** Working data follows **

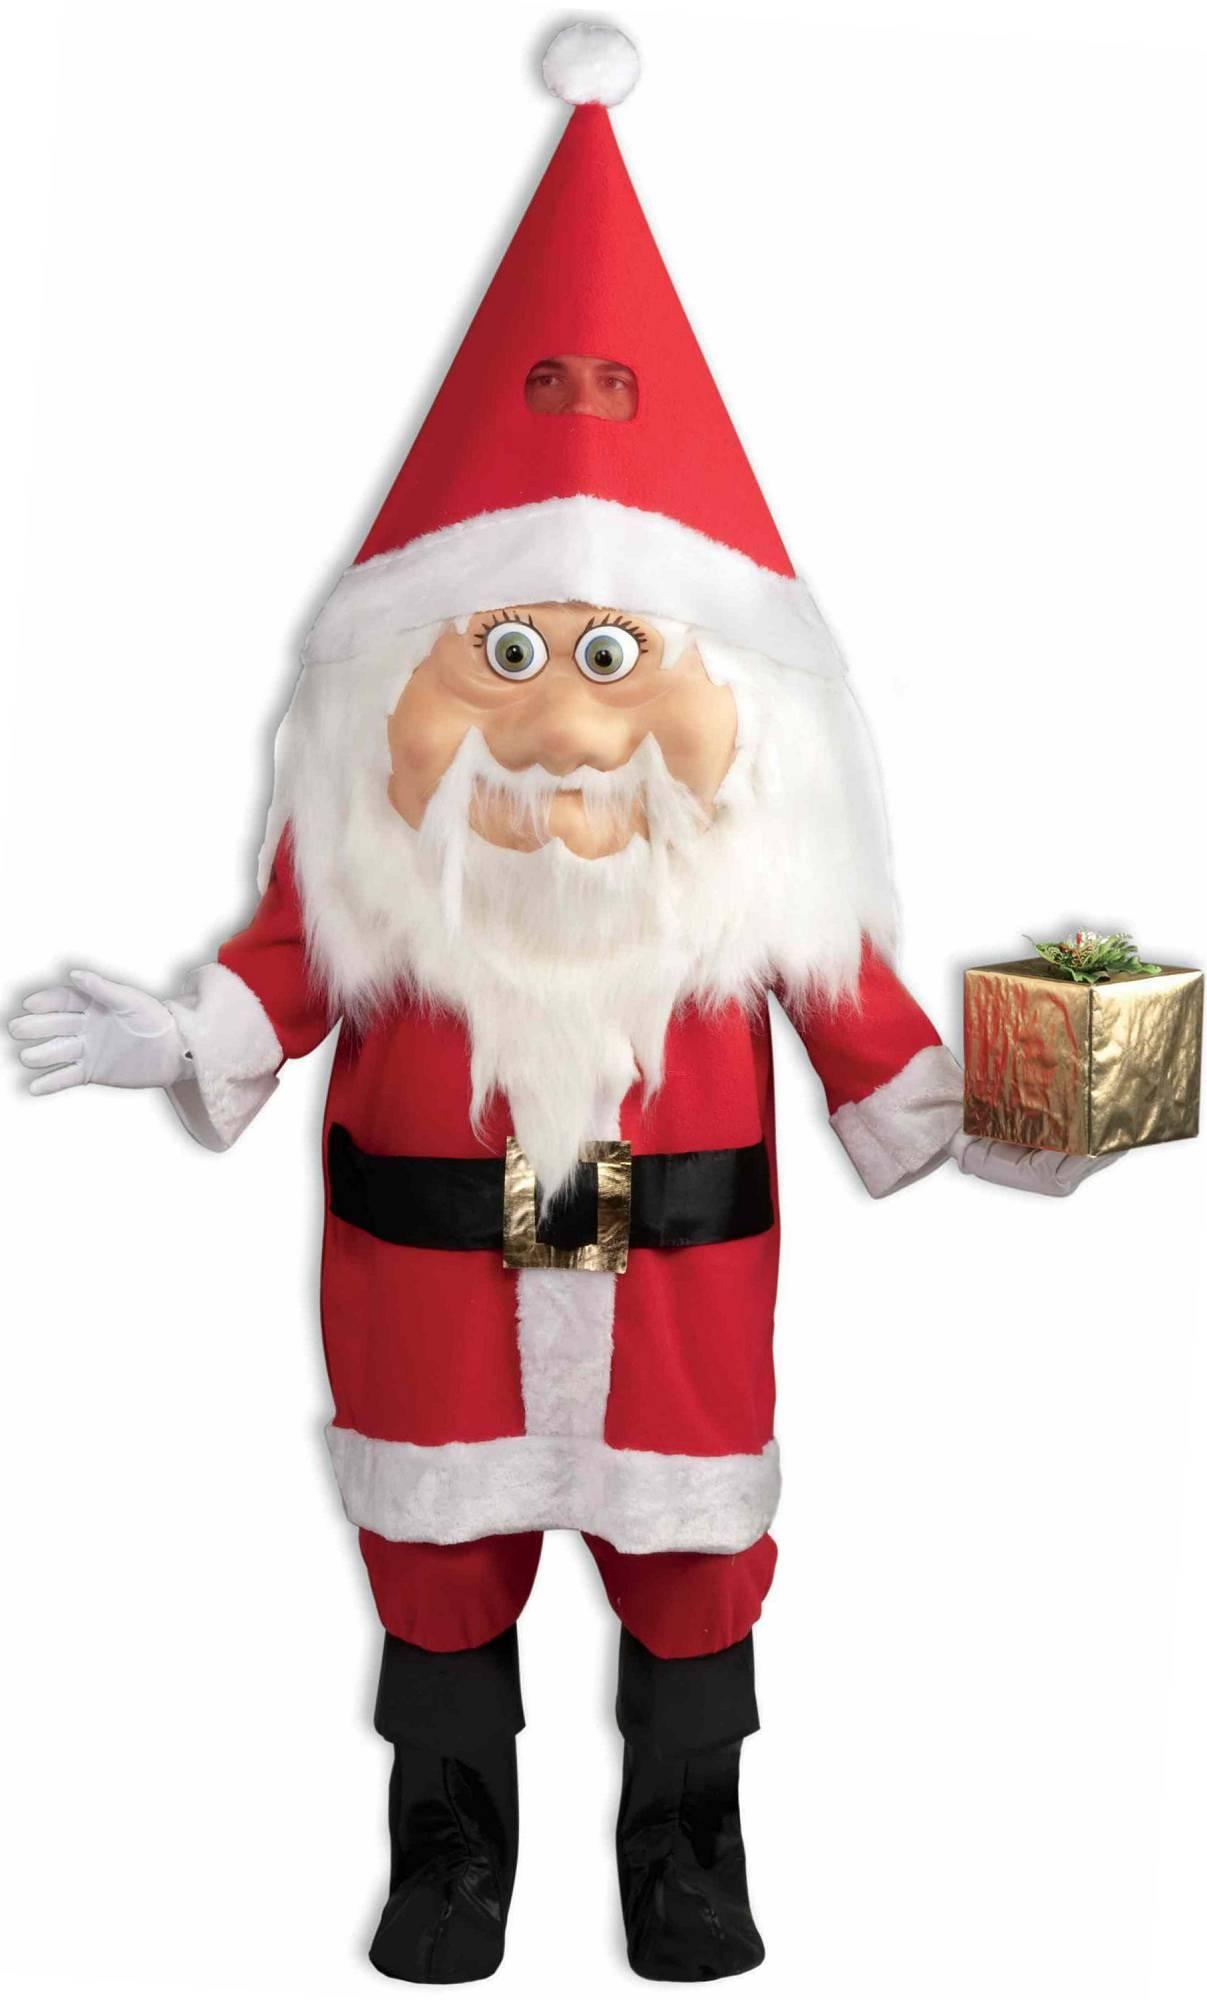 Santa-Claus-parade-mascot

** End of Working data **
** Working data follows **

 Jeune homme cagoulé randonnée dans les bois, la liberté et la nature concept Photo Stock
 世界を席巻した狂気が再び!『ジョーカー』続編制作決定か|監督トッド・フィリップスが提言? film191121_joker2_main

** End of Working data **

## Task requirements
Lines wanted from the listing above: the line with "Jeune homme cagoulé" up to and including the line with "世界を席巻した狂気が再び!『". Please write them out exactly, adding nothing else.

## Response below
 Jeune homme cagoulé randonnée dans les bois, la liberté et la nature concept Photo Stock
 世界を席巻した狂気が再び!『ジョーカー』続編制作決定か|監督トッド・フィリップスが提言? film191121_joker2_main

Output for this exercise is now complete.